▸ The task
How do the lines below between the ones holding "Design, Eric Roinestad, American" and "ANNA BECK Teardrop Stud Earrings", inclusive, read? Give them again exactly, with no other lines.

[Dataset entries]
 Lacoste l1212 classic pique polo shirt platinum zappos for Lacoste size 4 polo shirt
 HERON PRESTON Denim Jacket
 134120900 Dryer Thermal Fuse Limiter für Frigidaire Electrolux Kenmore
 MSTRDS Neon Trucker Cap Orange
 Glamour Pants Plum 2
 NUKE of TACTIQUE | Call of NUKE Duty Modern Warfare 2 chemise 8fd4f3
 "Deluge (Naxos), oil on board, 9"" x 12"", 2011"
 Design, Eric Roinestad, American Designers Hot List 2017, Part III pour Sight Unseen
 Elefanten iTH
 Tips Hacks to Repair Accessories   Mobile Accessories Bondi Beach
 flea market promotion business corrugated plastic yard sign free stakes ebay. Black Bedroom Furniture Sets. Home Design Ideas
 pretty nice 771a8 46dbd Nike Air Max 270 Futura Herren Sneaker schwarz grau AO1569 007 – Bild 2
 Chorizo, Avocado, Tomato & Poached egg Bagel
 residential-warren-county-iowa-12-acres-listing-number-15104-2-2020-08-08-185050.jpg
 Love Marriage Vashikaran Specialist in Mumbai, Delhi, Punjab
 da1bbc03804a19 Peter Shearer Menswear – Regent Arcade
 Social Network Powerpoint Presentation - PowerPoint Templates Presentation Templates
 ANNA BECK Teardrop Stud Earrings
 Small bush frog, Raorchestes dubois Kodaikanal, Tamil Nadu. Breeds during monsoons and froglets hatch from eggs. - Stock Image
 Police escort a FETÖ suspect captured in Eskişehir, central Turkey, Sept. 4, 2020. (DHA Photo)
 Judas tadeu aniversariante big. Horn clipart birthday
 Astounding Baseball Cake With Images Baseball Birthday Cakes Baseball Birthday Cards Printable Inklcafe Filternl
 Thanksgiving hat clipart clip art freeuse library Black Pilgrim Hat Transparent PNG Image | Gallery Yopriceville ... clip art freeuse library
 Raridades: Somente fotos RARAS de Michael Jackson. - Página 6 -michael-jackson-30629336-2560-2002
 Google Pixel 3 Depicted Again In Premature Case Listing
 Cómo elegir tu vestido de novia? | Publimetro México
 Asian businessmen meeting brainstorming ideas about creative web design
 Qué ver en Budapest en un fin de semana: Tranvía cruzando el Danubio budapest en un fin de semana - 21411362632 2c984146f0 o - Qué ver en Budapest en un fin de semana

▸ Output for this task
 Design, Eric Roinestad, American Designers Hot List 2017, Part III pour Sight Unseen
 Elefanten iTH
 Tips Hacks to Repair Accessories   Mobile Accessories Bondi Beach
 flea market promotion business corrugated plastic yard sign free stakes ebay. Black Bedroom Furniture Sets. Home Design Ideas
 pretty nice 771a8 46dbd Nike Air Max 270 Futura Herren Sneaker schwarz grau AO1569 007 – Bild 2
 Chorizo, Avocado, Tomato & Poached egg Bagel
 residential-warren-county-iowa-12-acres-listing-number-15104-2-2020-08-08-185050.jpg
 Love Marriage Vashikaran Specialist in Mumbai, Delhi, Punjab
 da1bbc03804a19 Peter Shearer Menswear – Regent Arcade
 Social Network Powerpoint Presentation - PowerPoint Templates Presentation Templates
 ANNA BECK Teardrop Stud Earrings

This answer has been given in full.